Manassas Journal Messenger | ARTS: Artist’s works reflect travels and experiences

Patricia Smith’s eyes, like her art, spill with emotions so real, so consuming, and yet so gentle.

In an instant, her melodic voice glides over the multiple shades of the palette that is her life. With each burst of color, another country she worked in passes by, another historical character influences her and another medium of self-expression is used for her experiments.

In a few breaths, the Woodbridge resident spans over her years spent in Jamaica as an art teacher with the Peace Corps where she engaged both students and teachers in art appreciation workshops to later years pursuing and acquiring a doctorate in art education from Pennsylvania State University.

With her calm, methodical manner of explanation, it is easy to recognize the decades of her teaching experience.

Smith’s works in drawings, paintings and other media have been consistently exhibited in national and international shows for years. She is currently the featured artist in the “Etched in Time” exhibit at the Artists Undertaking Gallery, a quaint gallery in historic Occoquan that houses a wide range of artworks from 14 local artists.

On center display are five of Smith’s etchings, and several other prints of various sizes are at the rear of the gallery. Each work offers a taste of exotic abstracts where textured surfaces and dramatic colors engulf feminine themes and far-away worlds.

“I like to take images that don’t usually go together, like a bonsai tree and the desert, and I play with them until they just fit,” she said pointing at “Desert Bloom.”

Similar to designing a collage, Smith combines historical and social concepts that resonate with her, she said. “I just keep playing around with different images, combining different ideas. The freedom to play is something I’ve learned from working with children.”

Gender stereotypes, inequalities and oppression ? dominant themes in Smith’s works ? serve as reminders of her travels through Morocco, the Caribbean, South America and Europe. Art offers a means for increased understanding of genders and cultures of the world, she said.

“I was always interested in the visual aspects of other cultures, how people make meaningful lives through art,’ she said.

In today’s instant-culture, defined only by the
constant flipping of channels and clicking of the mouse, the actual process of creating art is equally as meaningful as the final design, she said.

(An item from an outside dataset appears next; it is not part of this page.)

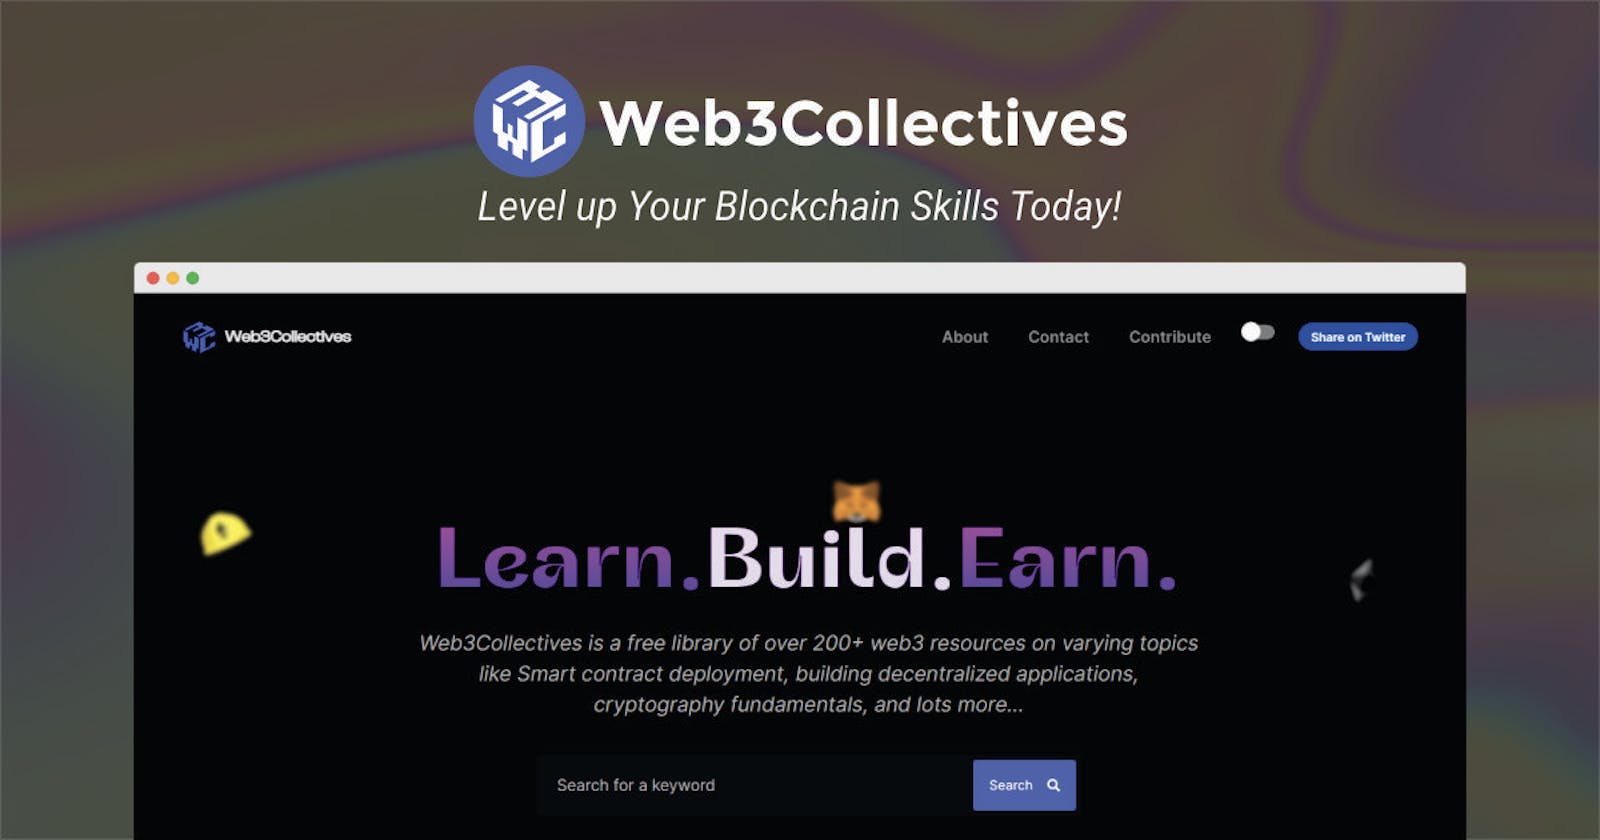 Introducing Web3Collectives - Your Gateway to Web3 Knowledge

“I am fascinated with the process of creation, of fully developing and thinking through an idea. Every artist at this gallery has such a unique style and approach to creating,” said Smith.

In this exhibit, Smith relies on a form of printmaking called intaglio, derived from the Italian word intagliare that means “to carve or cut into,” she said. She fell in love with this relatively complicated process more than 30 years ago as an undergraduate student when she bought her first work of art, an etching by the 18th-century printmaker Piranesi.

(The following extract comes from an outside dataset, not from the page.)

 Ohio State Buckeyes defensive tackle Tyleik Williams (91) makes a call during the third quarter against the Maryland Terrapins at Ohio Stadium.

Each of her intaglio prints was created on zinc plates, which were then inked in a variety of acid and non-acid techniques, including etching, photo-editing, aquatint, open biting, lift ground, soft ground and chine-colle. Each technique added detail to her vision.

“Etchings are so process-oriented,” she said. “Like a dance they are unpredictable, always unfolding. You have one image of what you want the print to look like, but often you end up with a completely altered final image,” she said.

Smith hopes that more people can enjoy the potential for constant discovery and invention that this process offers, she said.

“I hope to see more art education programs for people of all ages. There’s never a time in life when it isn’t necessary to be creative,” she said.

“Art allows you to connect what is beautiful in the world to your soul,” she said.

Holding some recently sketched note cards of soaring angels, Smith said, “Art is a bridge between the spiritual world and the material world.”